• EXERCISE PROMPT:
Here the job is to repeat the listing exactly, but not the pictures in it.

• GIVEN INFORMATION:
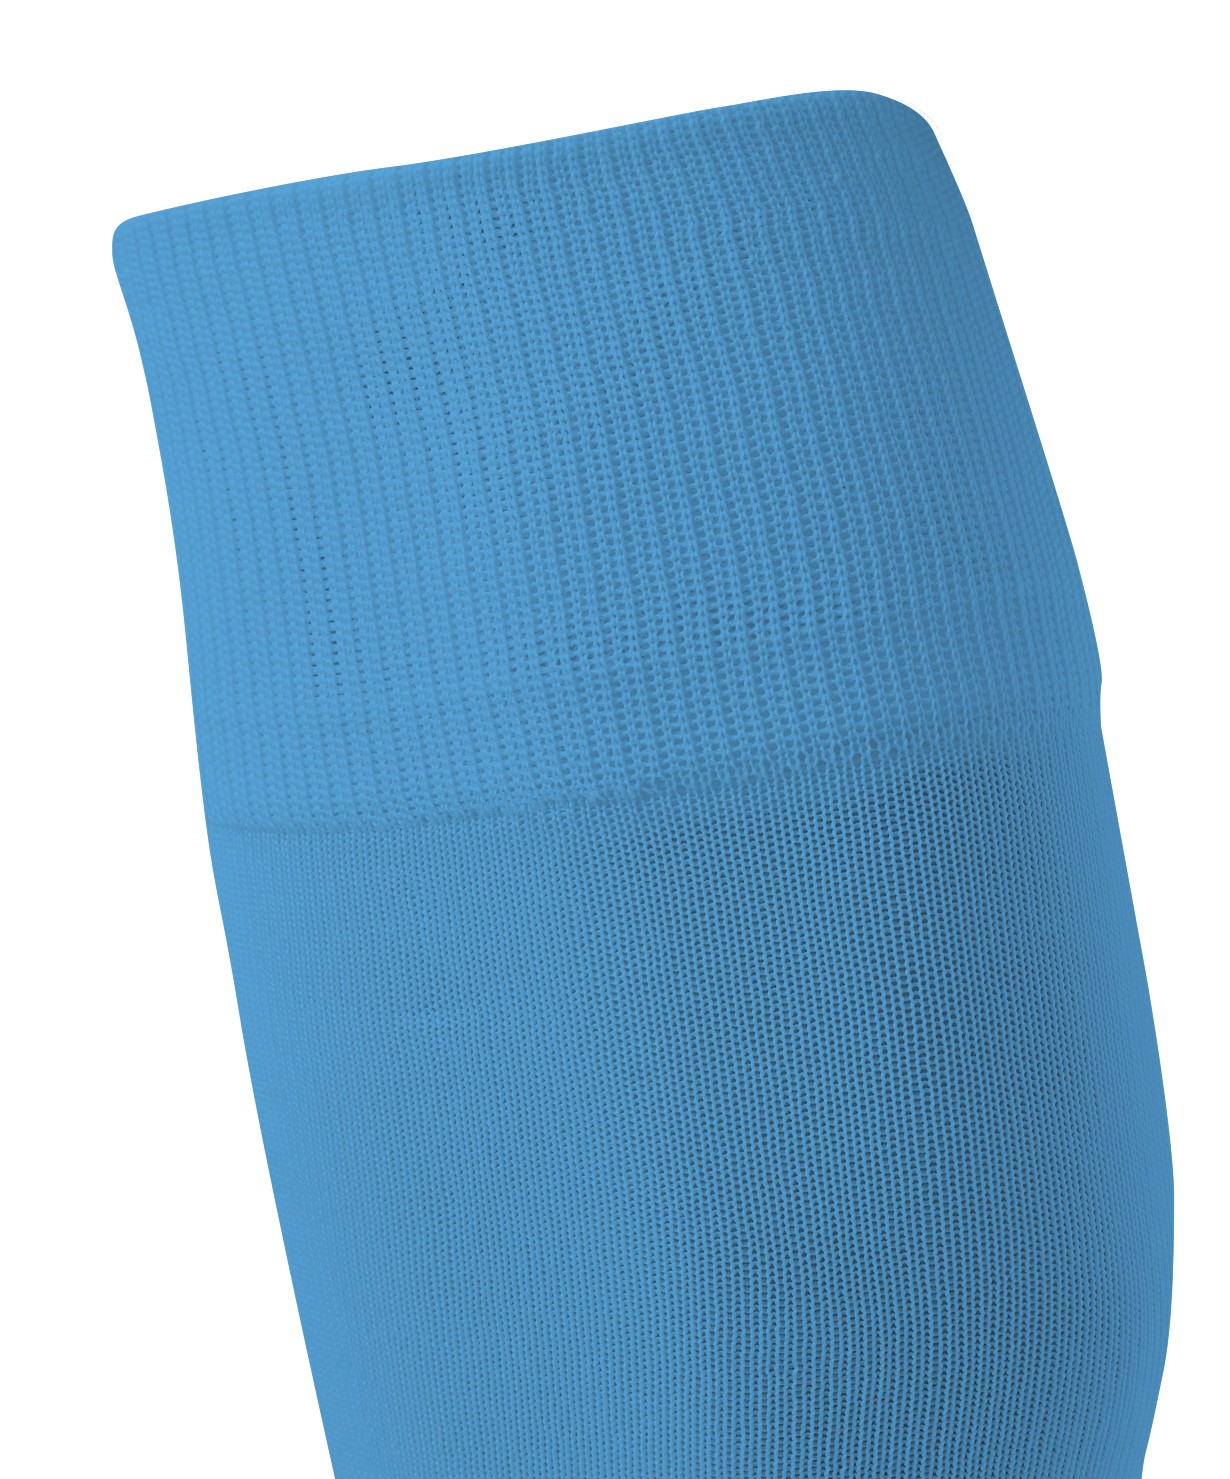 Гетры футбольные Jogel Camp basic socks, голубой/белый 1230_1479
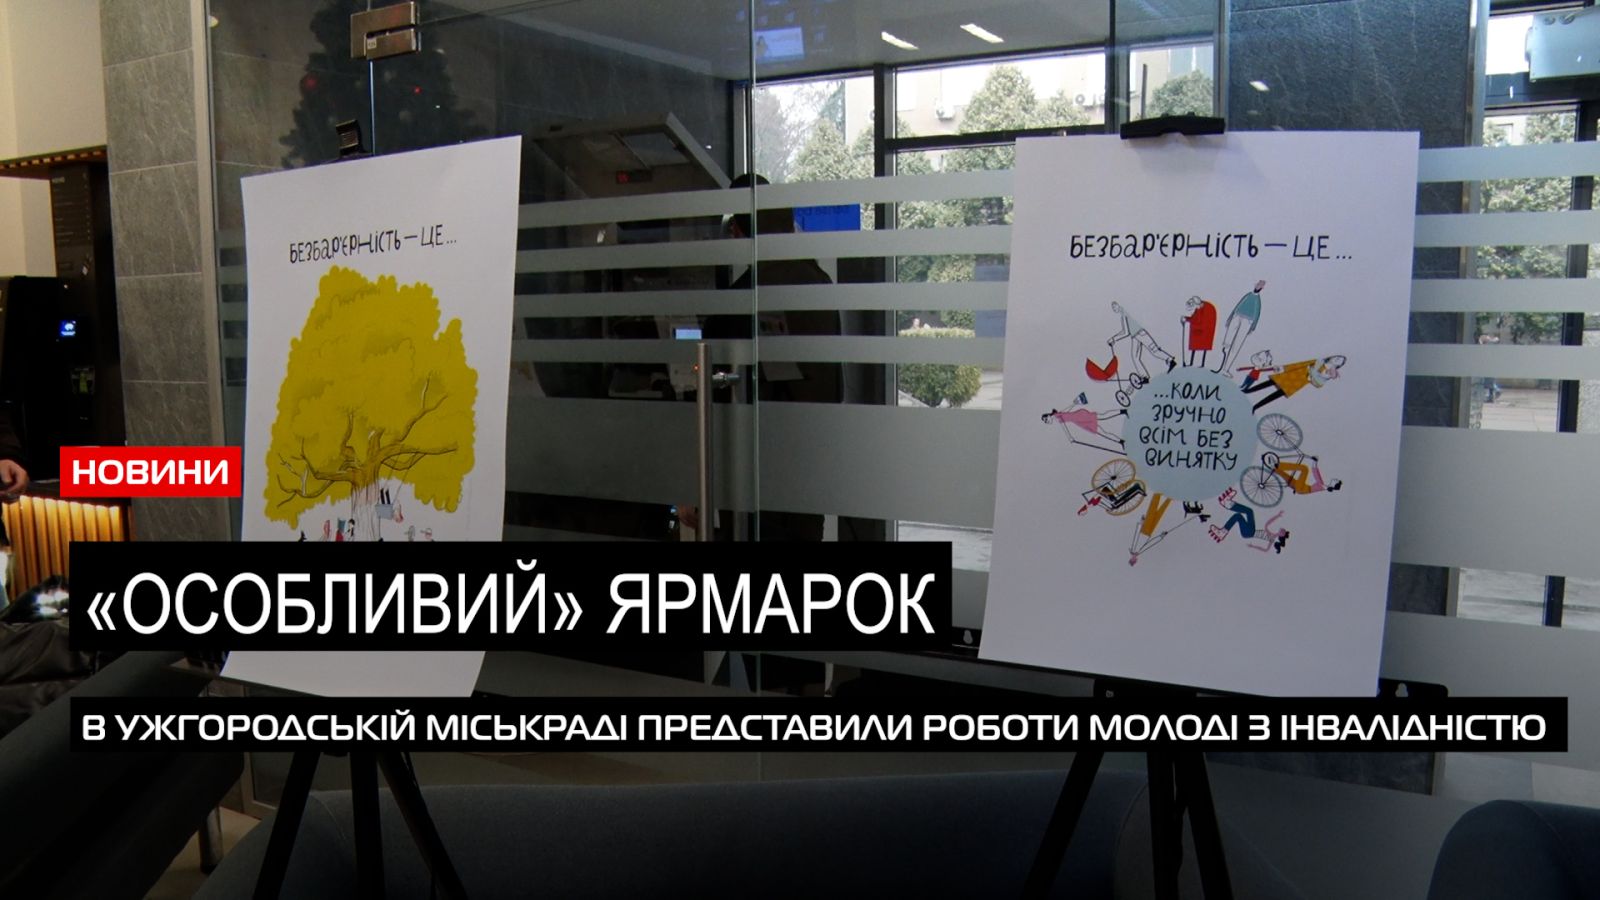  Особлива благодійність: молодь з інвалідністю презентувала свої роботи в Ужгородіській міськраді (ВІДЕО) 0
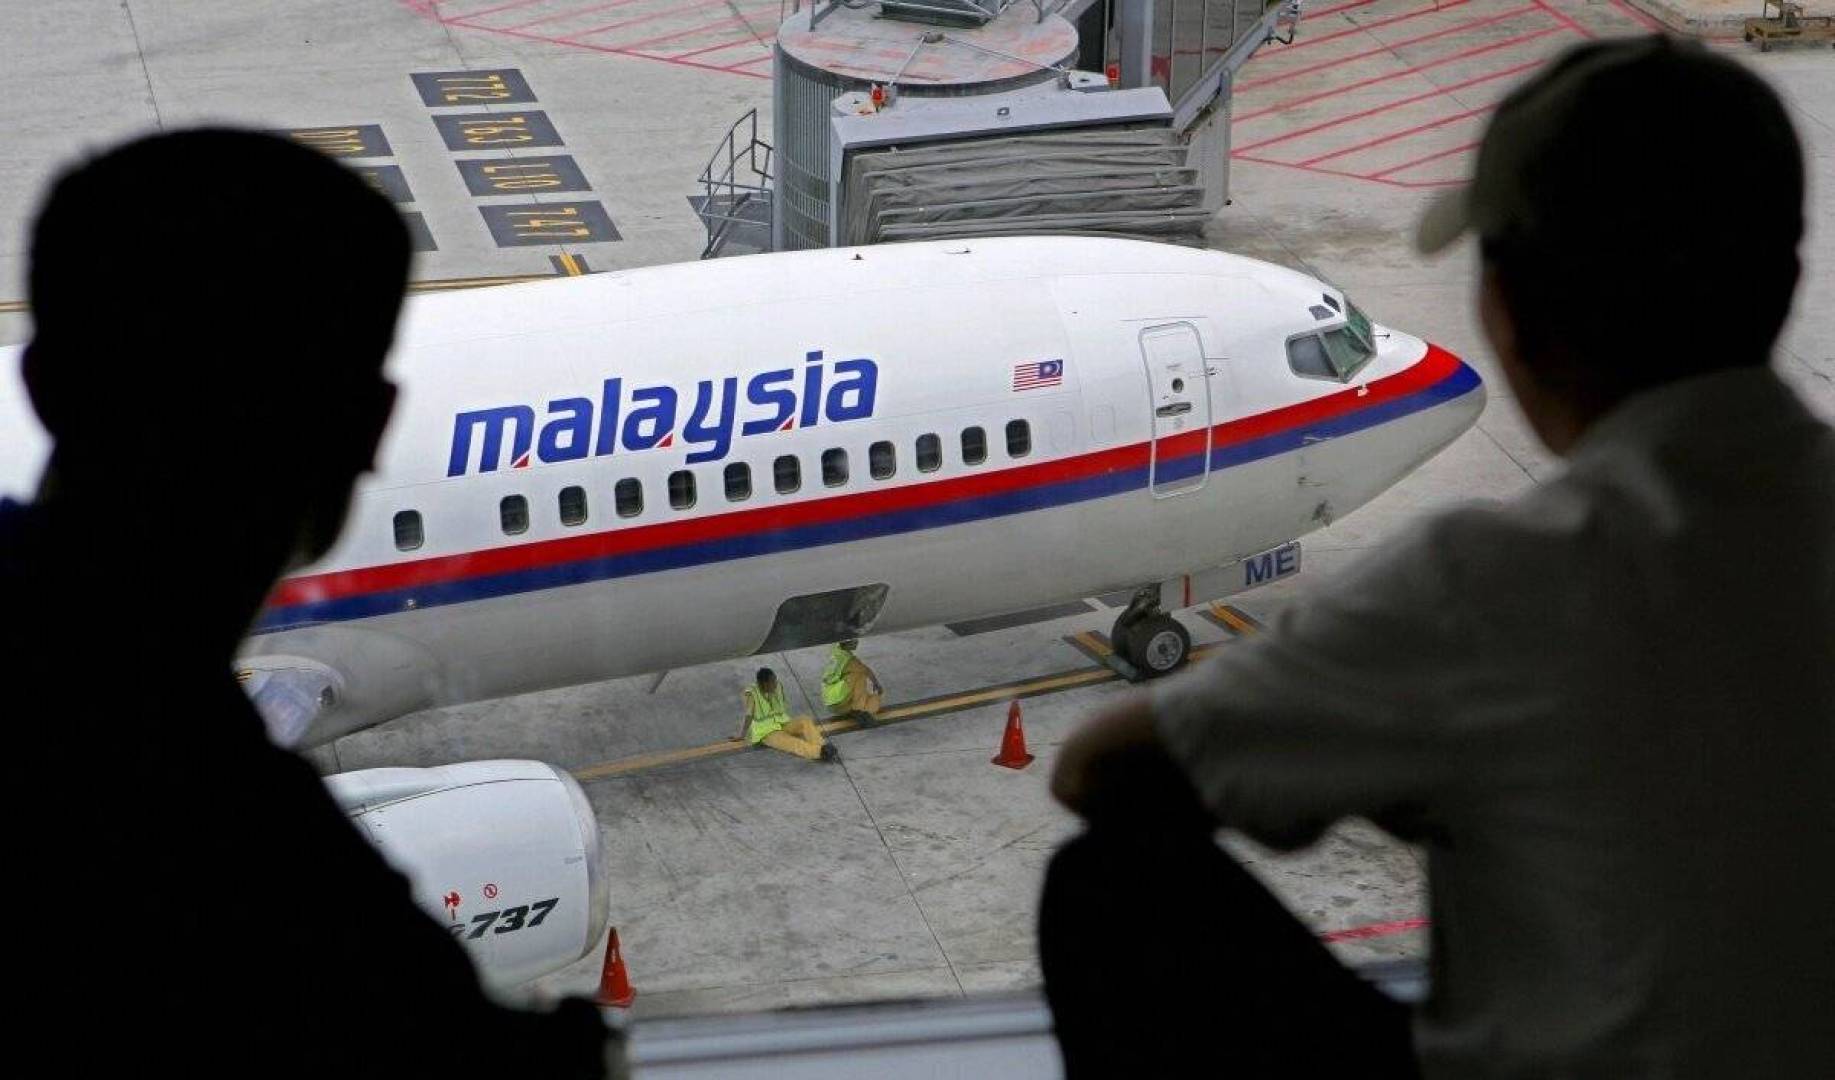 ماذا حدث لطائرة الركاب الماليزية؟ وأين سقطت؟

• RESULT FOR THIS EXERCISE:
 Гетры футбольные Jogel Camp basic socks, голубой/белый 1230_1479
  Особлива благодійність: молодь з інвалідністю презентувала свої роботи в Ужгородіській міськраді (ВІДЕО) 0
 ماذا حدث لطائرة الركاب الماليزية؟ وأين سقطت؟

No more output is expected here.